Exercise requirements> Begin at the line containing "Meet General Pancho" and restate it and each line after it exactly, up to and including the last line below. Leave pictures out.

Information provided>
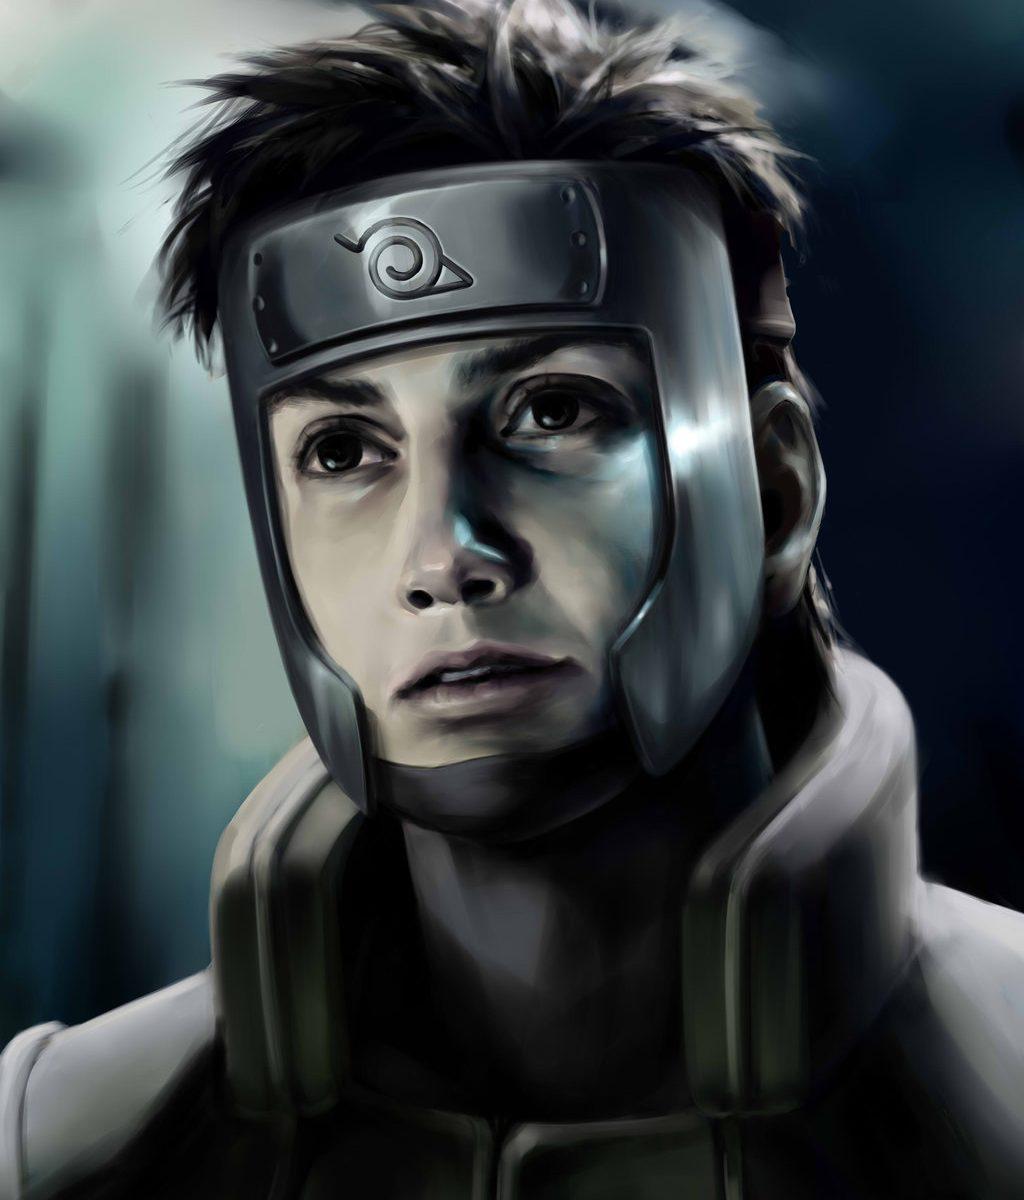 Kapten Yamato gambar oleh olggah
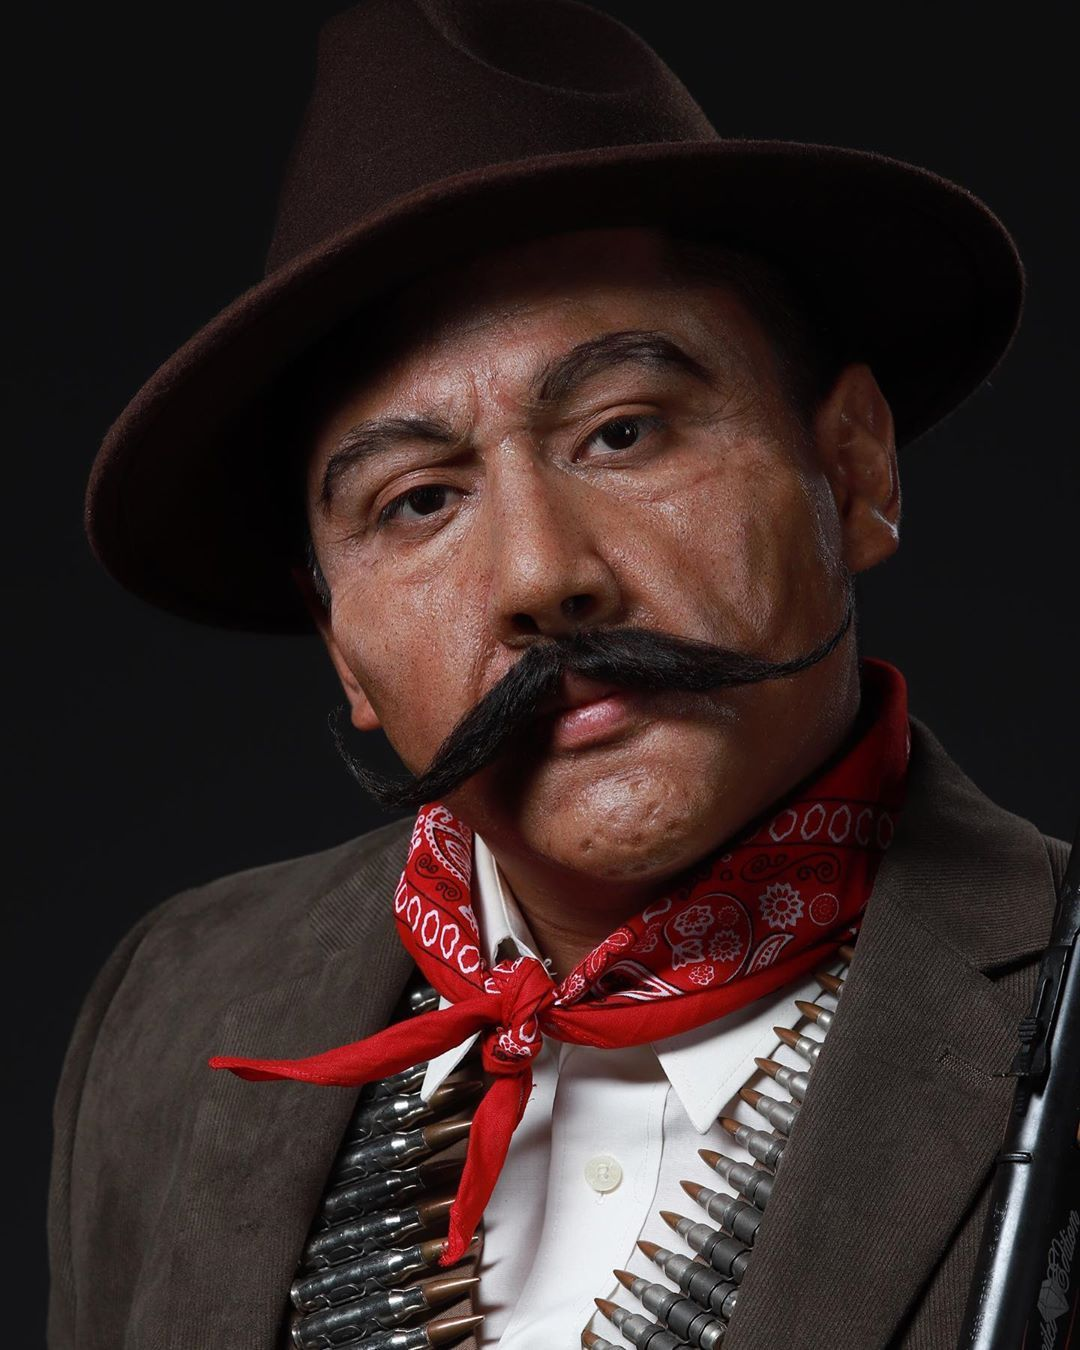 Meet General Pancho Villa! Old age makeup sculpted
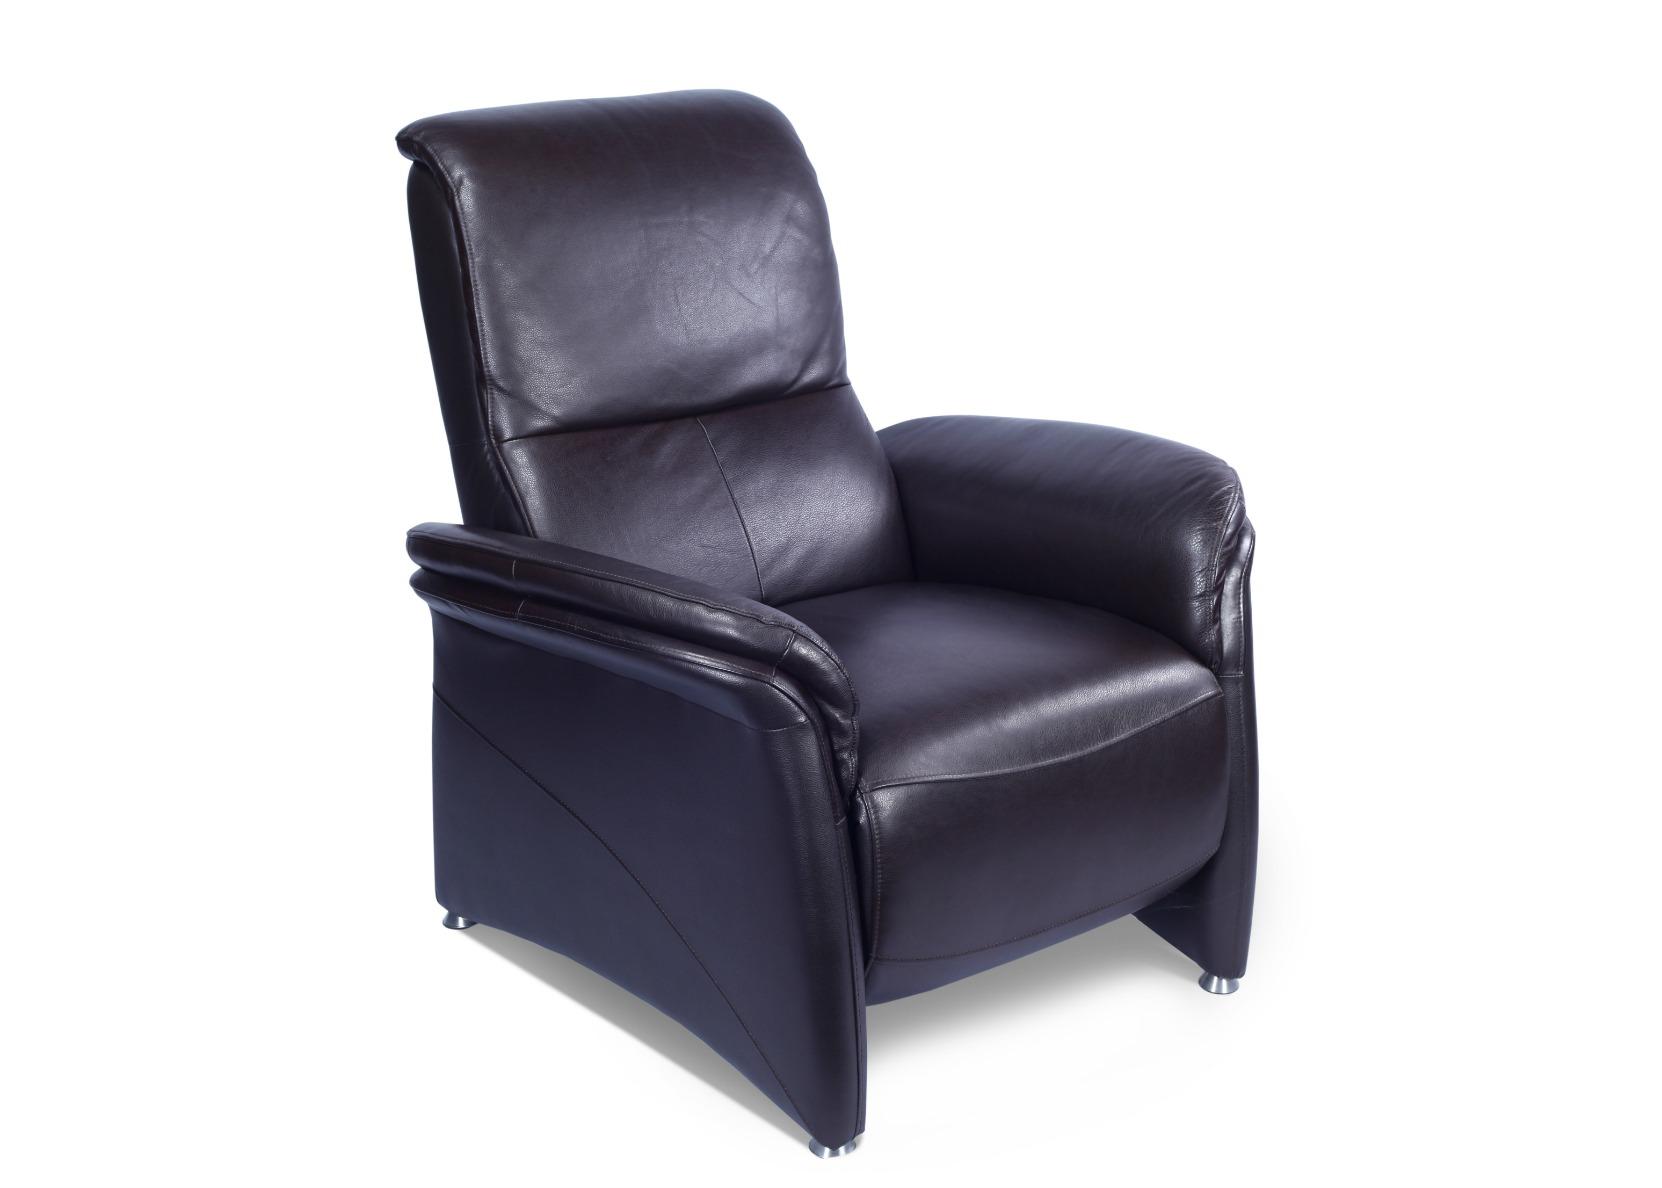 dark brown leather recliner chair. manual reclining chair in dark brown leather recliner l

Written solution>
 Meet General Pancho Villa! Old age makeup sculpted
 dark brown leather recliner chair. manual reclining chair in dark brown leather recliner l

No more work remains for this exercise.